§ **Record extracts**:
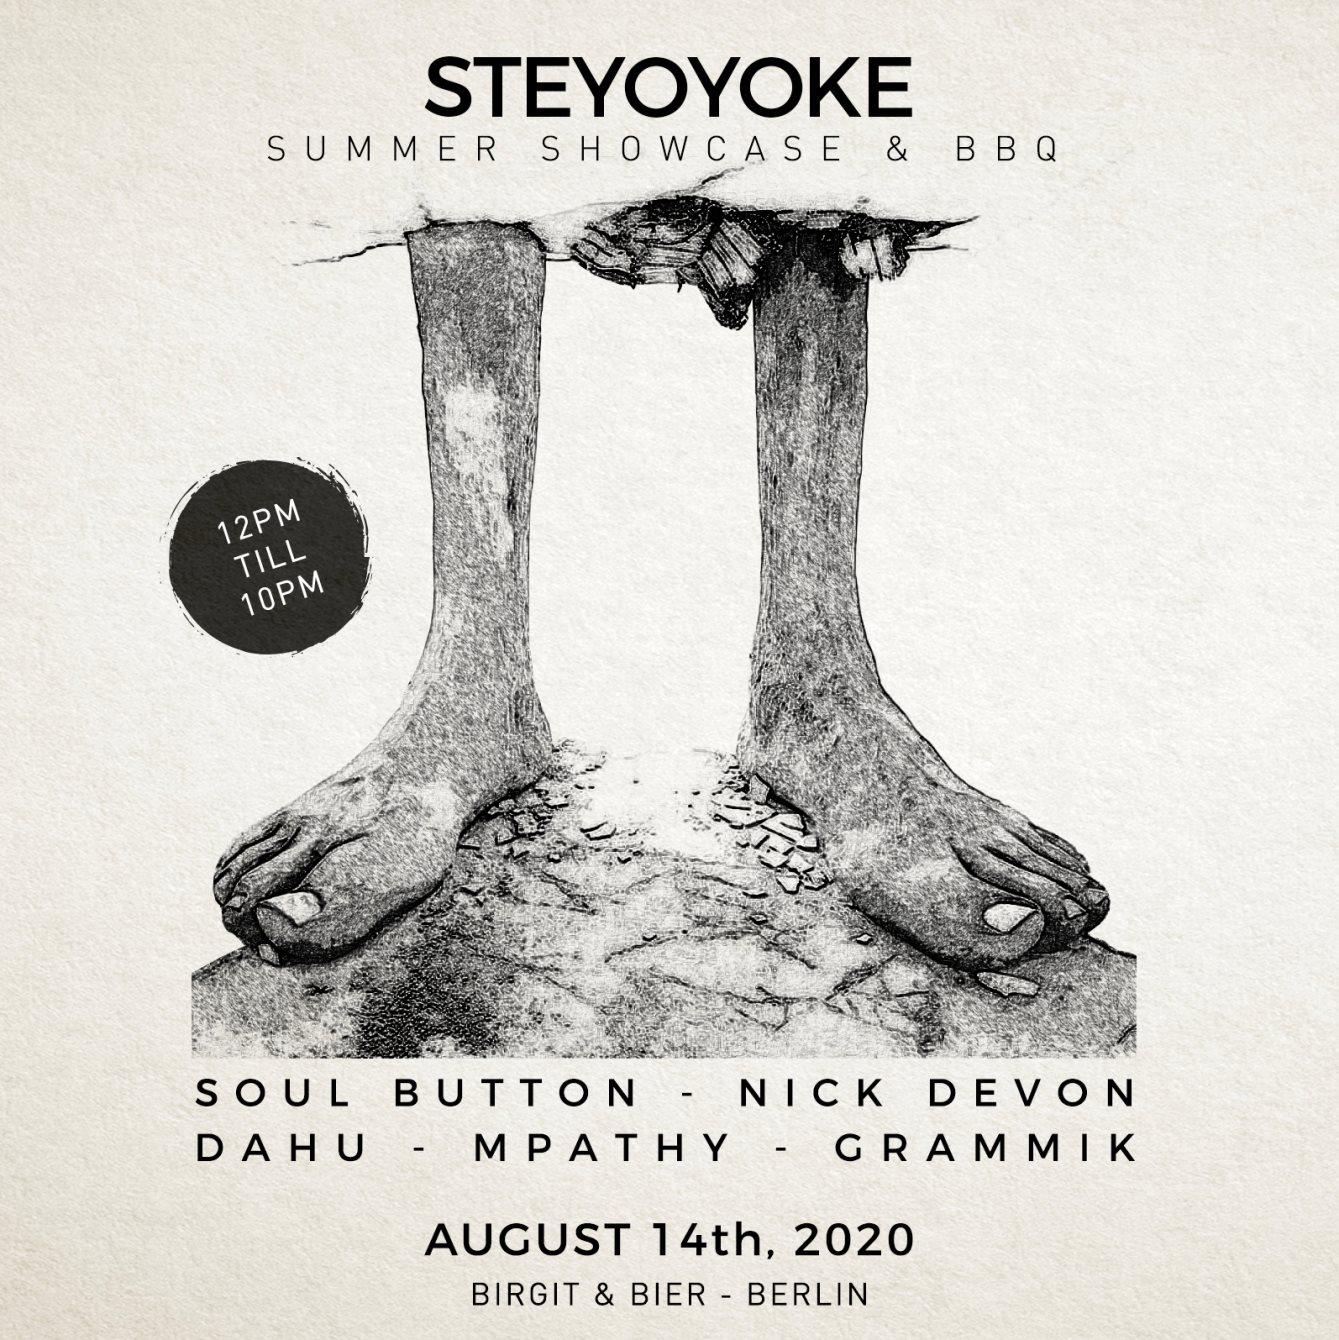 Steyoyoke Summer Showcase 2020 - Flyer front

--

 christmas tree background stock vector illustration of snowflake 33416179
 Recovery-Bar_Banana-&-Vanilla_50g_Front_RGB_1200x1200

* * *

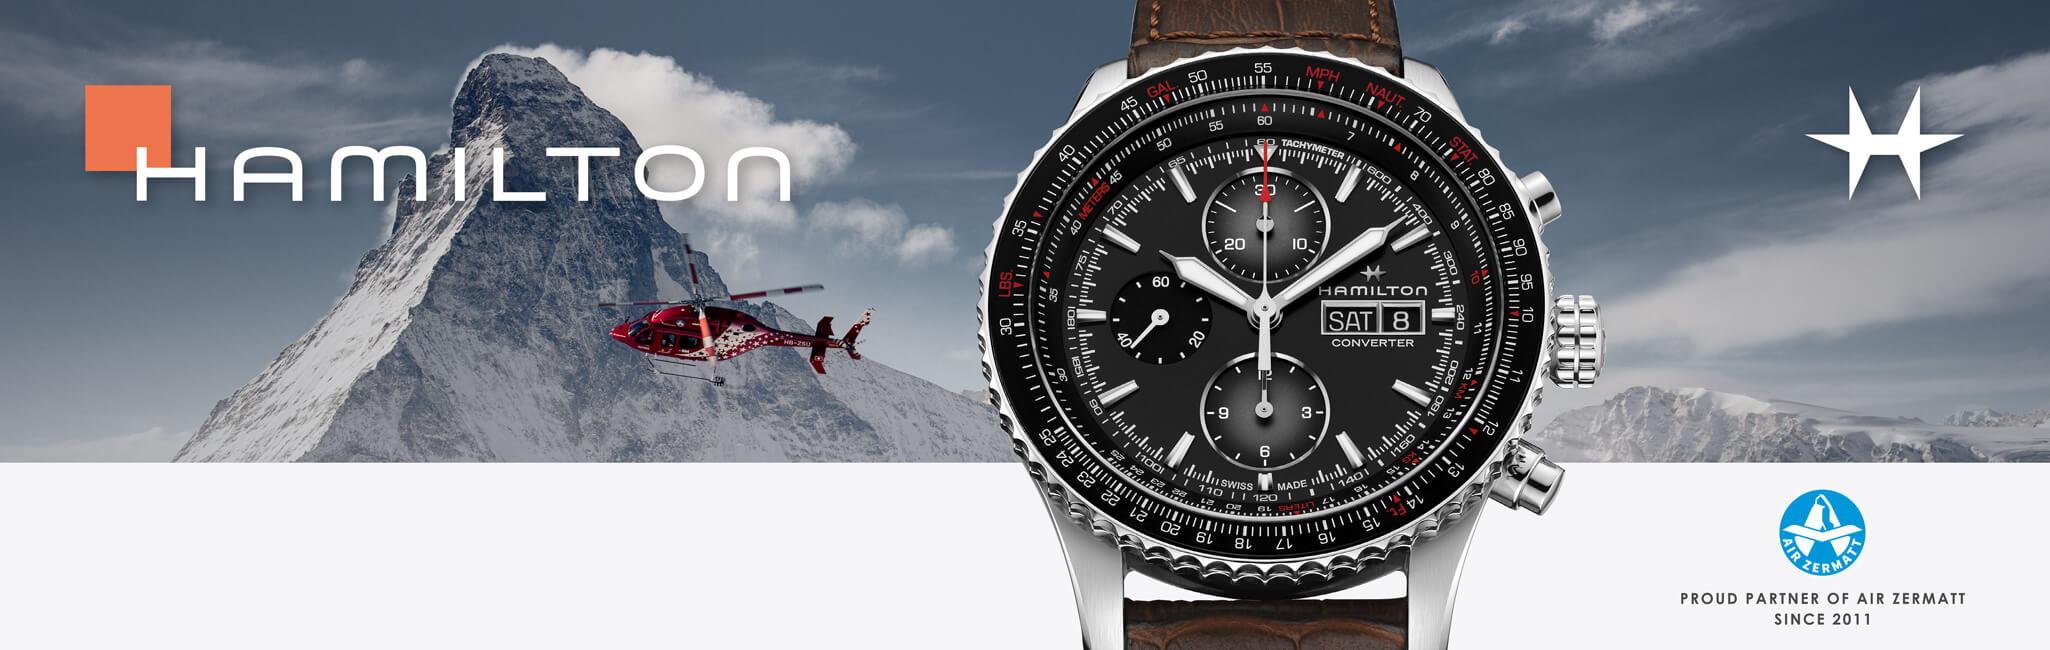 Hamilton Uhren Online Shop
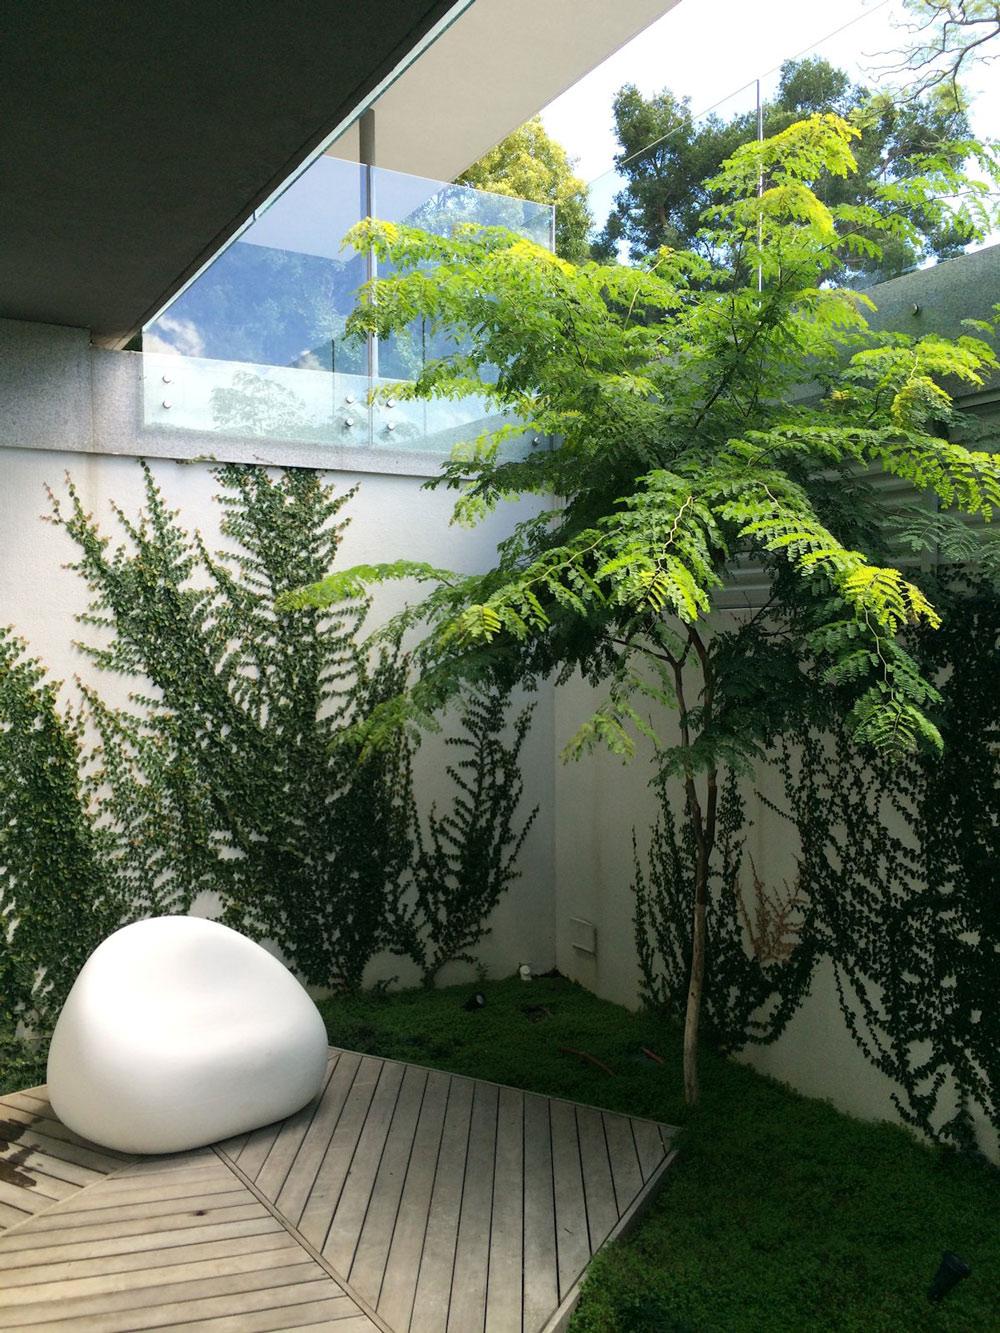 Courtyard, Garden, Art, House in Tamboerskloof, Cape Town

§ **Problem statement**:
Set the pictures aside and transcribe exactly the stretch of lines above, beginning with the one holding "Hamilton Uhren Online Shop" and ending with the one holding "Courtyard, Garden, Art, House".

§ **Written solution**:
 Hamilton Uhren Online Shop
 Courtyard, Garden, Art, House in Tamboerskloof, Cape Town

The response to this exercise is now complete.